Use significance levels of .05 unless the instructions state otherwise. Data Sets: You need to download dataset birthweight_final.csv. The data record live, singleton births to mothers between the ages of 18 and 45 in the United States who were classified as black or white. There are total of 400 observations in birthweight, and variables are: - Weight: Infant birth weight (gram) - Weight_Gr; Categorical variable for indication of low birthweight; 0 is normal, 1 is low birthweight - Black: Categorical variable; 0 is white, 1 is black - Married: Categorical variable; 0 is not married, 1 is married - Boy: Categorical variable; 0 is girl, 1 is boy - MomSmoke: Categorical variable; 0 is non-smoking mom, 1 is smoking mom - Ed: Categorical variable for Mother’s education Level; 0 is high-school grad or less; 1 is college grad or above - MomAge: Mother’s age (centered to zero) - MomWtGain: Mother’s weight gain during pregnancy (centered to zero) - Visit: number of prenatal visits
# Read the CSV file
d1 <- read.csv("birthweight_final.csv")
d1$Black = as.factor(d1$Black)
d1$Married = as.factor(d1$Married)
d1$Boy = as.factor(d1$Boy)
d1$MomSmoke = as.factor(d1$MomSmoke)
d1$Ed = as.factor(d1$Ed)
# Check data format
#str(d1)
Now we consider fitting a logistic regression for low birthweight (Weight_Gr=1). Again consider Black, Married, Boy, MomSmoke, Ed, MomAge, MomWtGain, and Visit as possible explanatory variables.
(1) Perform following model selection methods and compare their best models. Comment how they differ or similar in terms of selected variables - Stepwise selection with AIC criteria
- Stepwise selection with BIC criteria
NOTE: stepwise selection with BIC criteria can be performed by step() function by adding an option k=log(n), where n is a sample size. Check Week 15 respiratory data example - how to use this option.

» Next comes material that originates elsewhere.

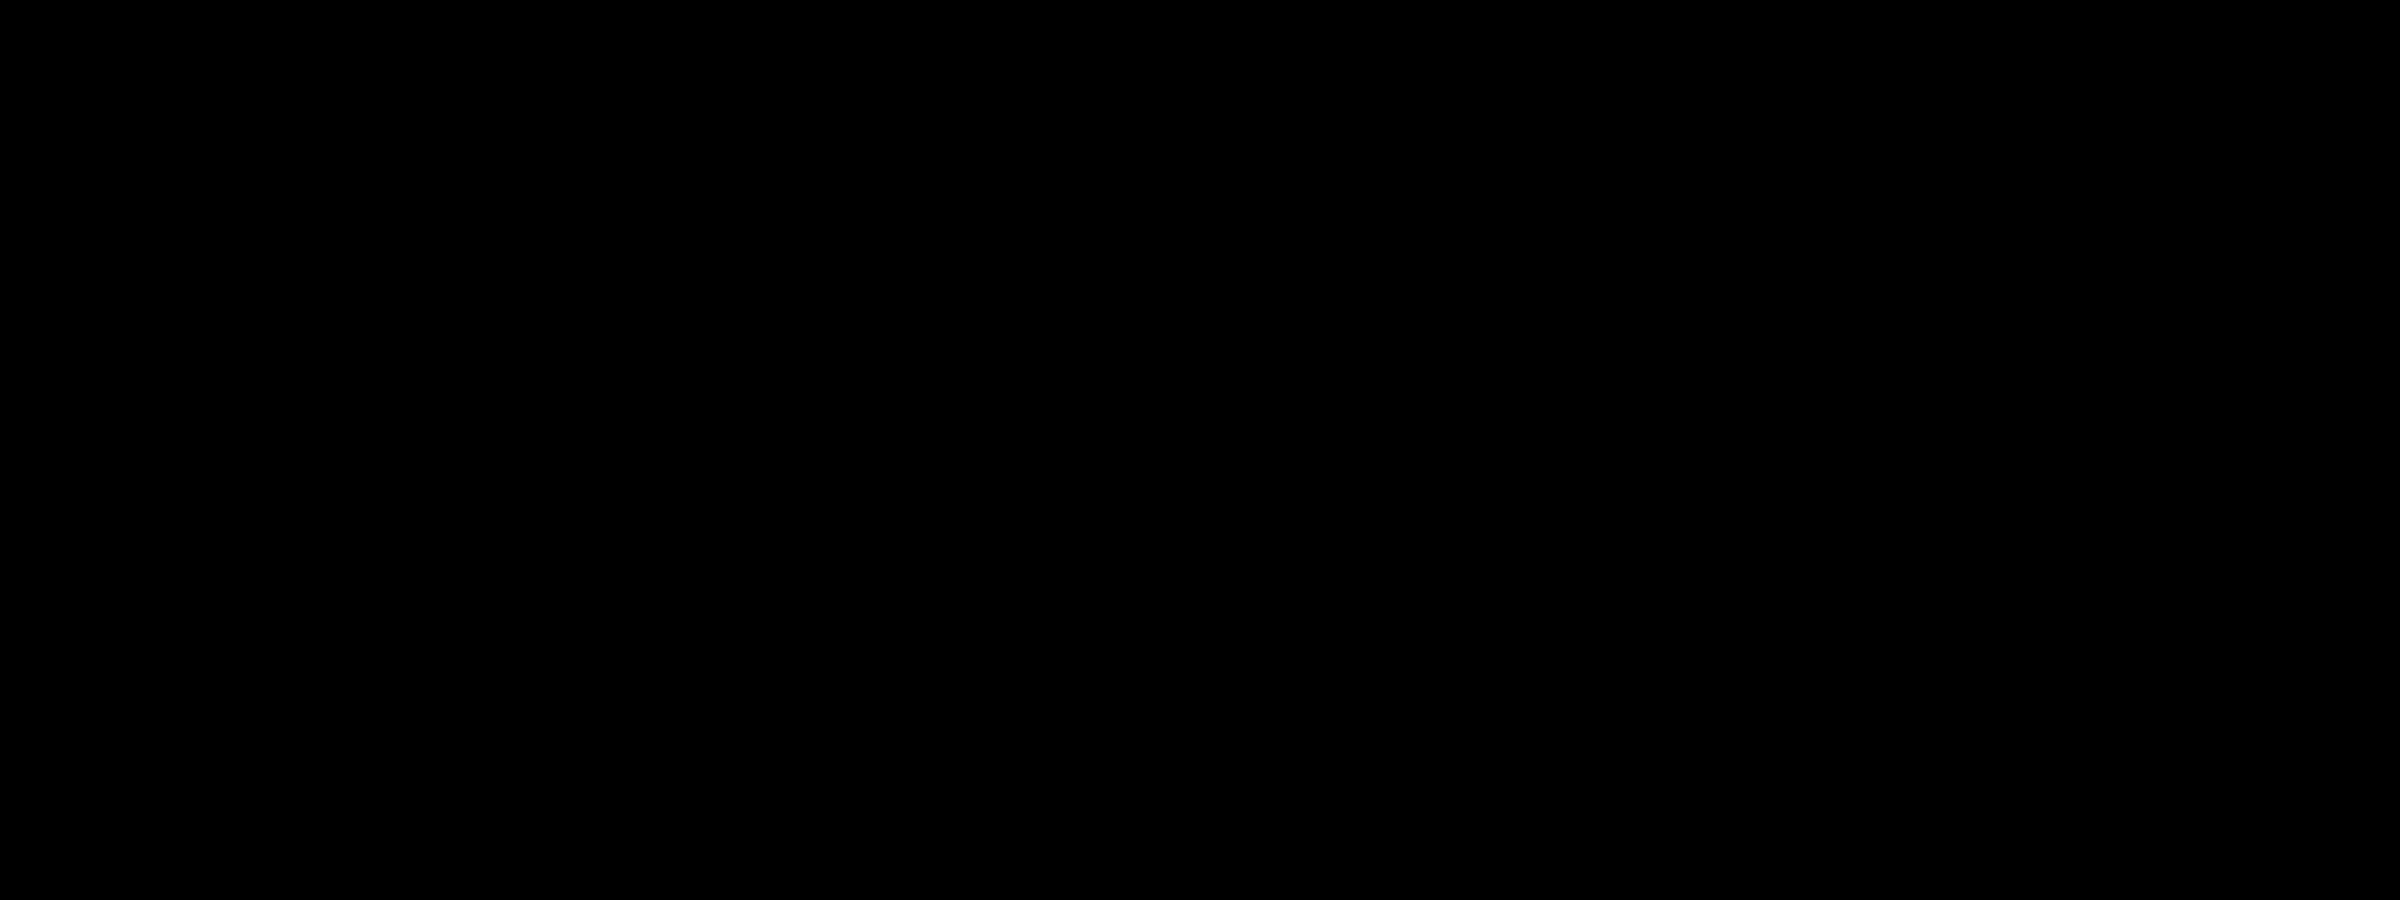 2400x900 Clipart Banner

e2.glm.full <- glm(Weight_Gr ~ Black + Married + Boy + MomSmoke + Ed + MomAge + MomWtGain + Visit , data=d1, family = "binomial")
e2.glm.null <- glm(Weight_Gr ~ 1 , data=d1, family = "binomial")
e2.stepwise.AIC <- step(e2.glm.null,scope = list(upper=e2.glm.full), direction="both",test="Chisq", trace = F)
summary(e2.stepwise.AIC)
##
## Call:
## glm(formula = Weight_Gr ~ MomWtGain + MomSmoke + MomAge + Boy +
## Ed, family = "binomial", data = d1)
##
## Deviance Residuals:
## Min 1Q Median 3Q Max
## -1.9790 -1.0470 -0.6085 1.0966 2.0012
##
## Coefficients:
## Estimate Std. Error z value Pr(>|z|)
## (Intercept) 0.240486 0.188075 1.279 0.20101
## MomWtGain -0.038047 0.008471 -4.492 7.07e-06 ***
## MomSmoke1 0.818590 0.310227 2.639 0.00832 **
## MomAge -0.044444 0.019040 -2.334 0.01959 *
## Boy1 -0.407560 0.212600 -1.917 0.05523 .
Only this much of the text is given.